> _Task brief_
The data below should be printed in full, exactly, and without any of its images.

> _Information supplied_
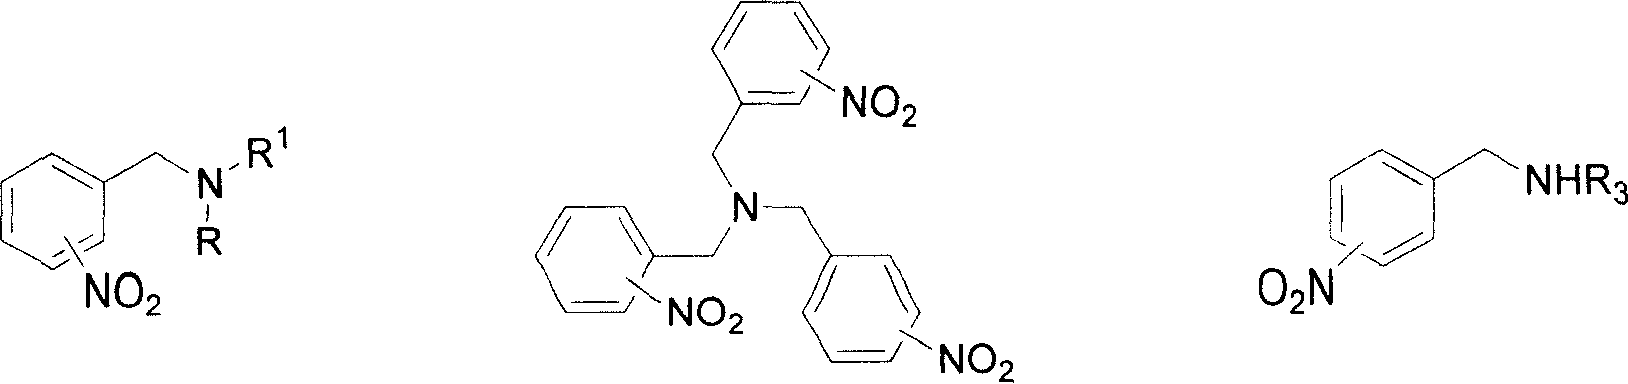 Method for reducing nitroxylbenzyl amine compound to amino-benzylamine hydrochloride
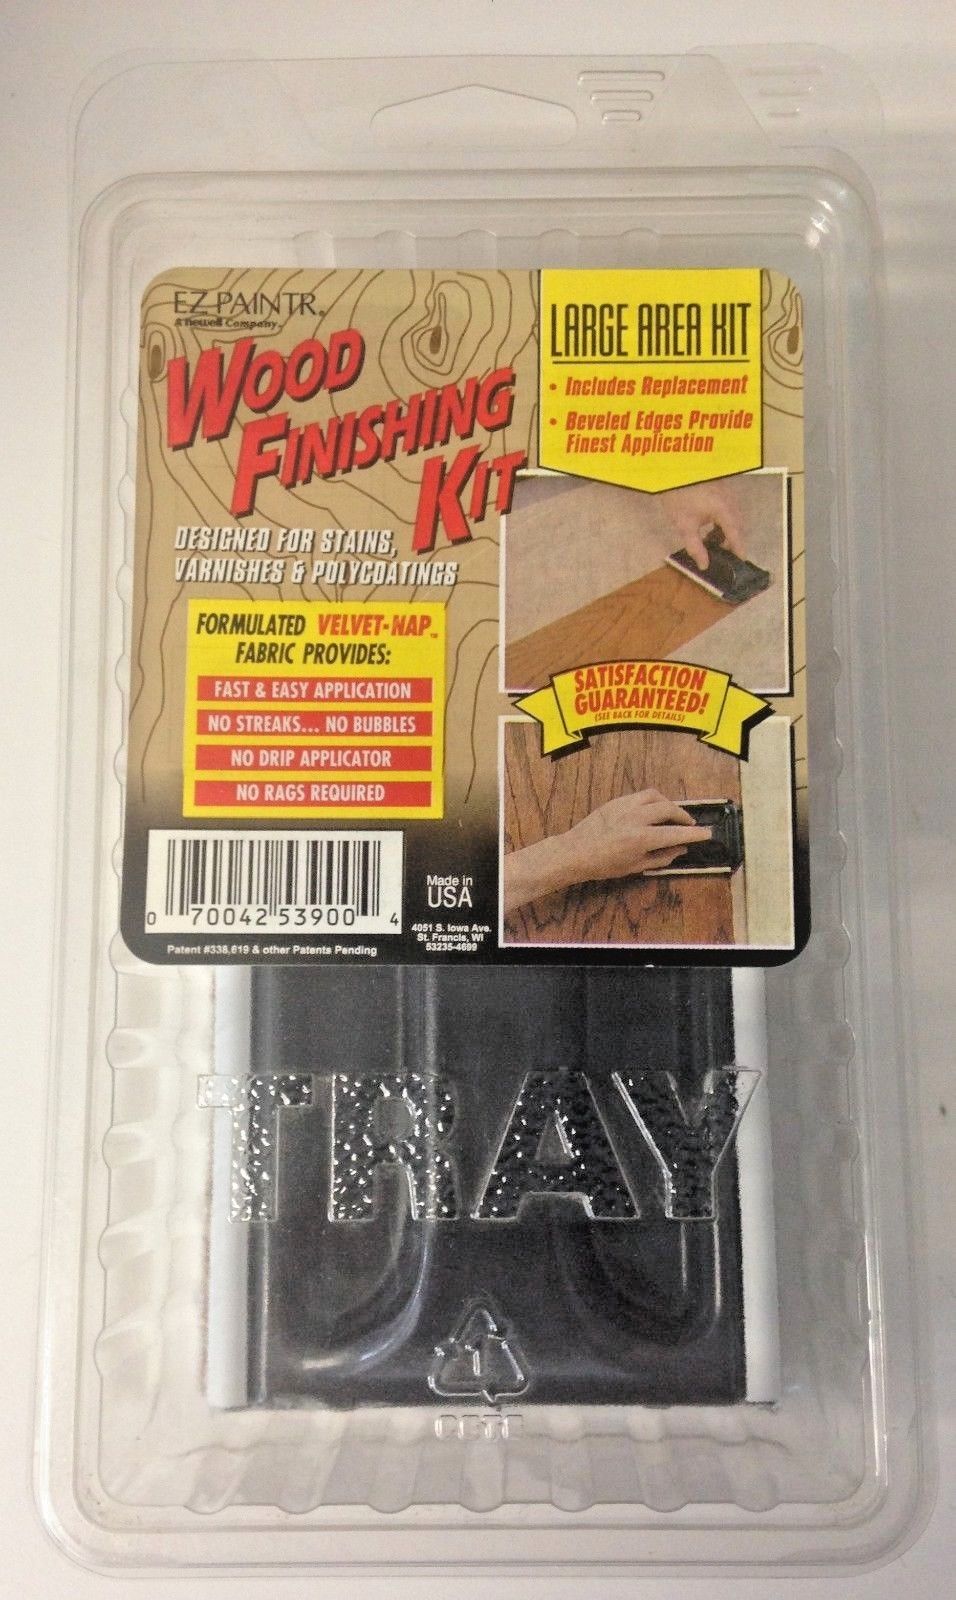 EZ Paintr Wood Finishing Kit Designed For Stains, Varnishes, & Polycoatings USA
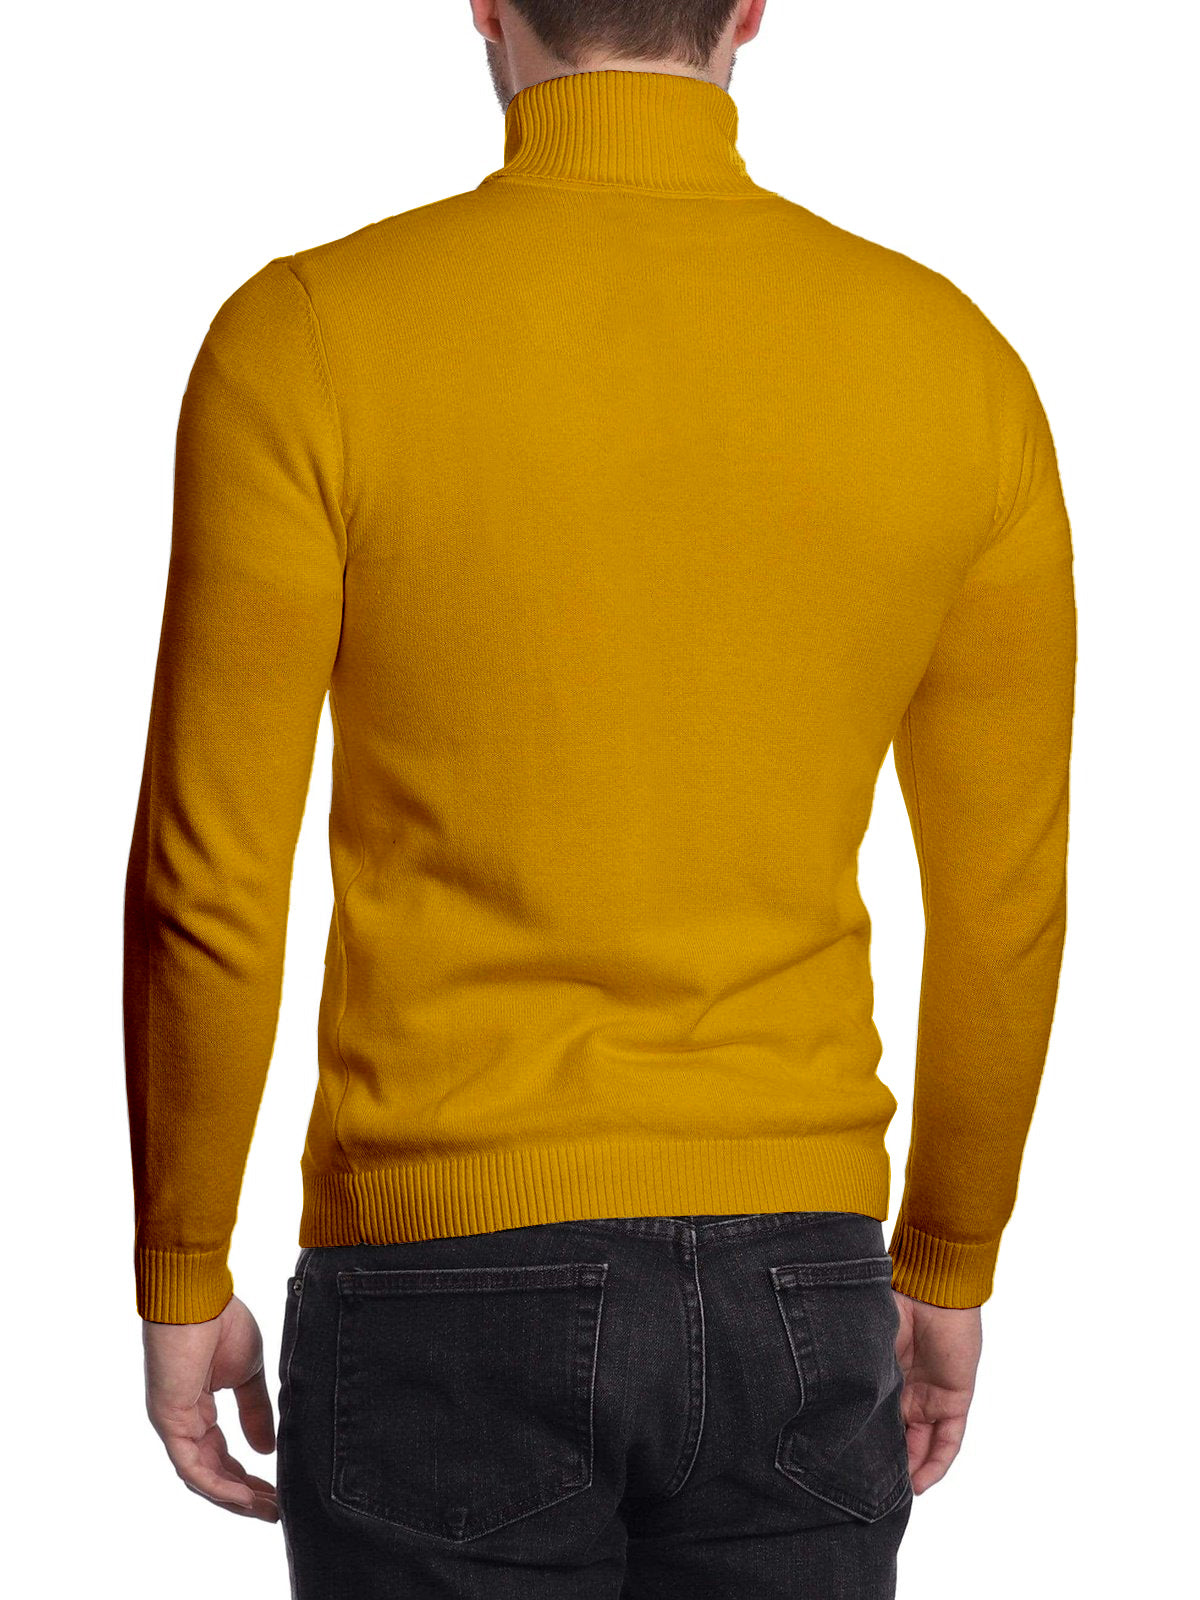 Arthur Black Men's Solid Mustard Pullover Cotton Blend Turtleneck Sweater Shirt

> _Result below_
 Method for reducing nitroxylbenzyl amine compound to amino-benzylamine hydrochloride
 EZ Paintr Wood Finishing Kit Designed For Stains, Varnishes, & Polycoatings USA
 Arthur Black Men's Solid Mustard Pullover Cotton Blend Turtleneck Sweater Shirt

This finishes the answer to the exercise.